REQUIREMENT>
With the pictures left out, print exactly the lines below that run from the one containing "Zwei Spieler sitzen" through the one containing "Kris Orlowski BELIEVER Vinyl Record".

___ DATA EXCERPTS ___

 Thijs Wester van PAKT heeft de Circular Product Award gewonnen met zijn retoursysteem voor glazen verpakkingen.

___
___ DATA EXCERPTS ___

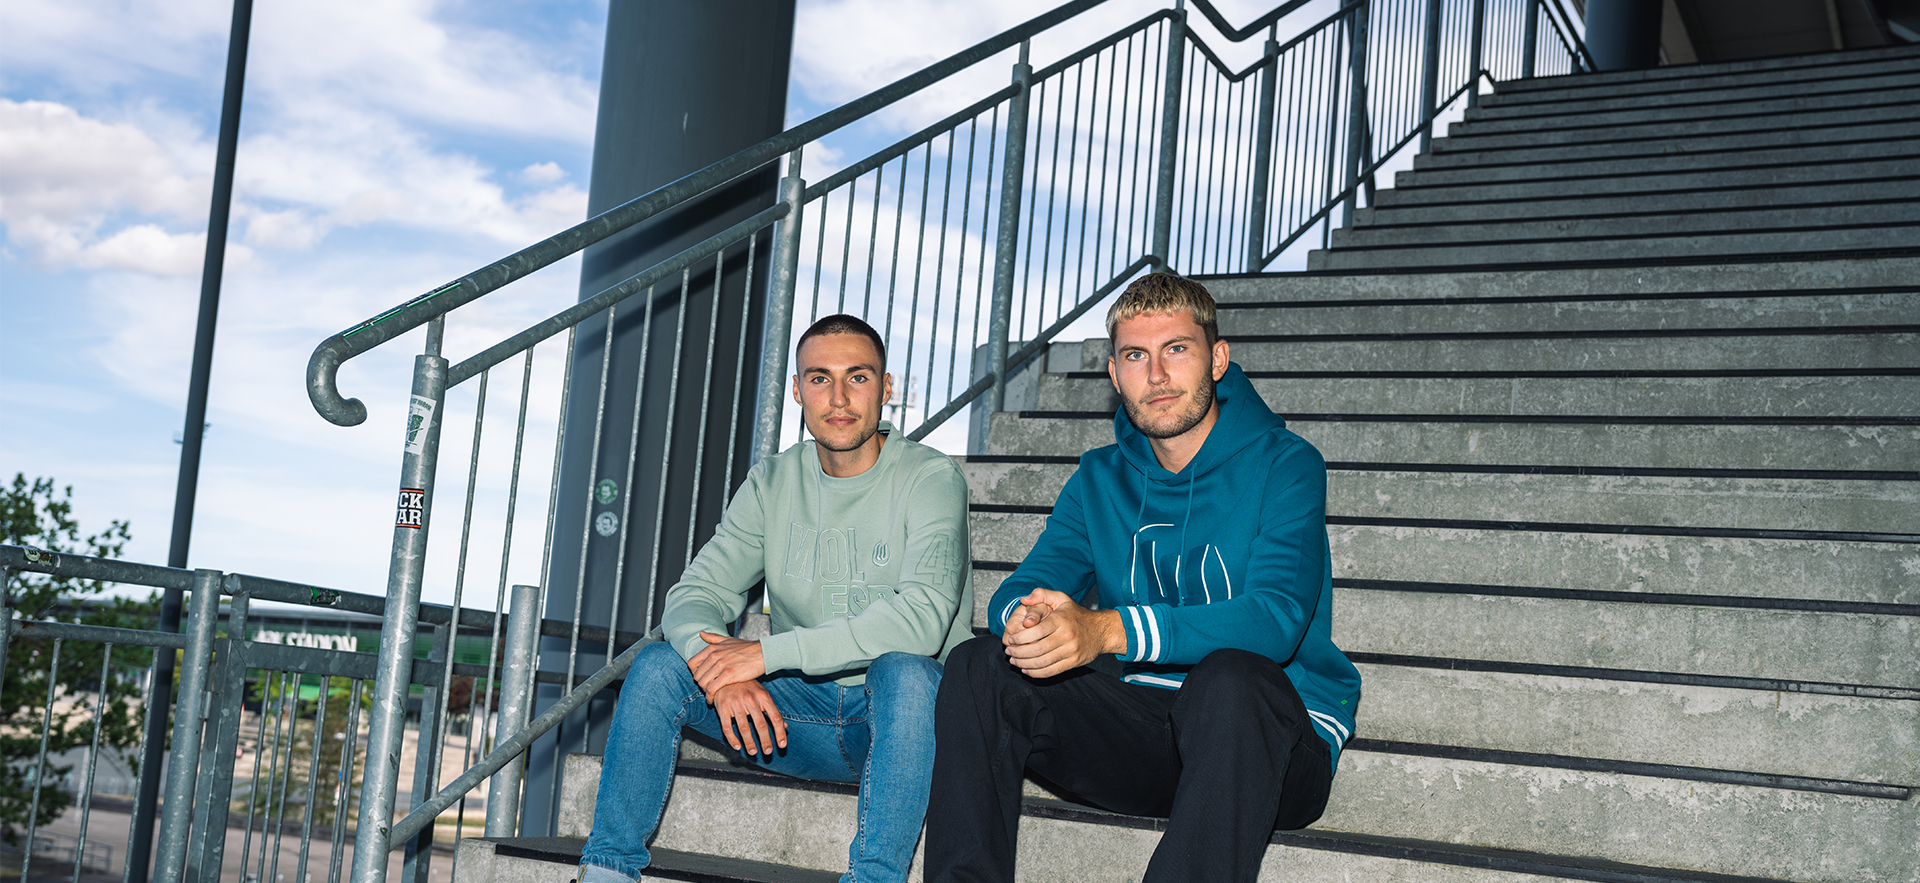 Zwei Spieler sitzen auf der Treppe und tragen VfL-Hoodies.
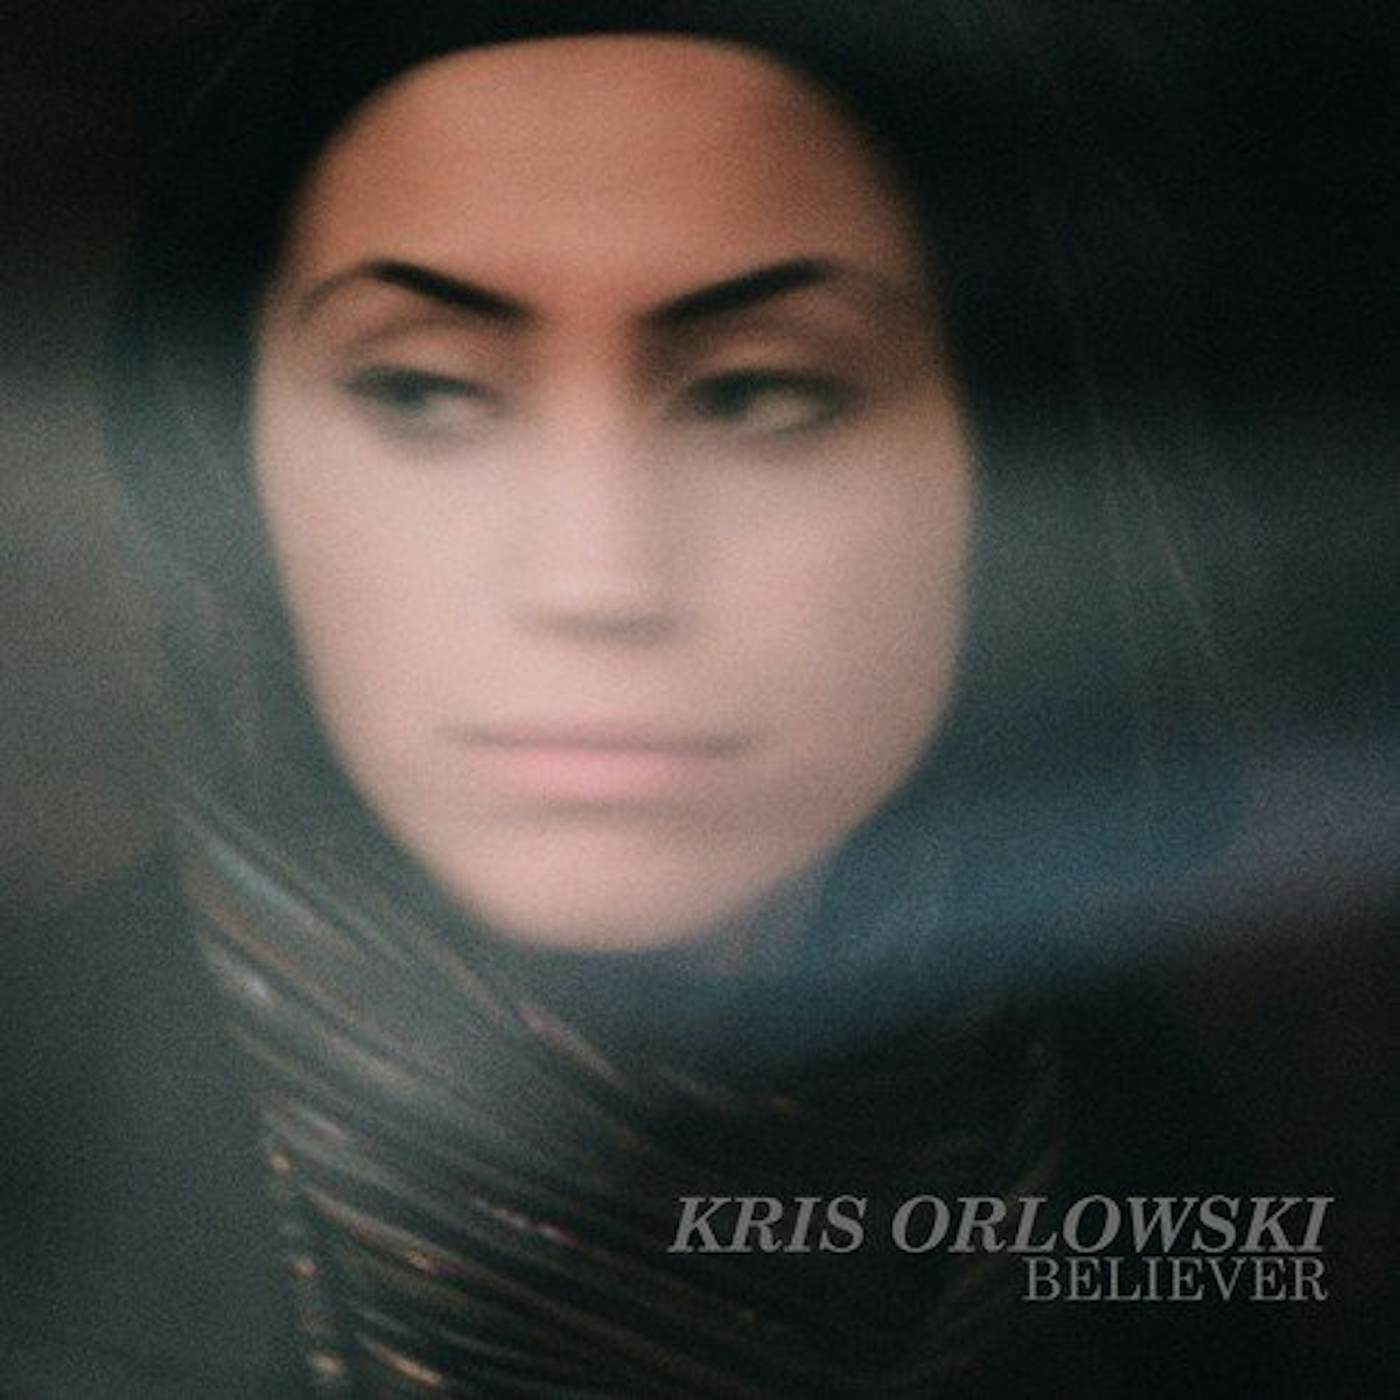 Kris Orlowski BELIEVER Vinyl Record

___

ANSWER TO THIS EXERCISE>
 Zwei Spieler sitzen auf der Treppe und tragen VfL-Hoodies.
 Kris Orlowski BELIEVER Vinyl Record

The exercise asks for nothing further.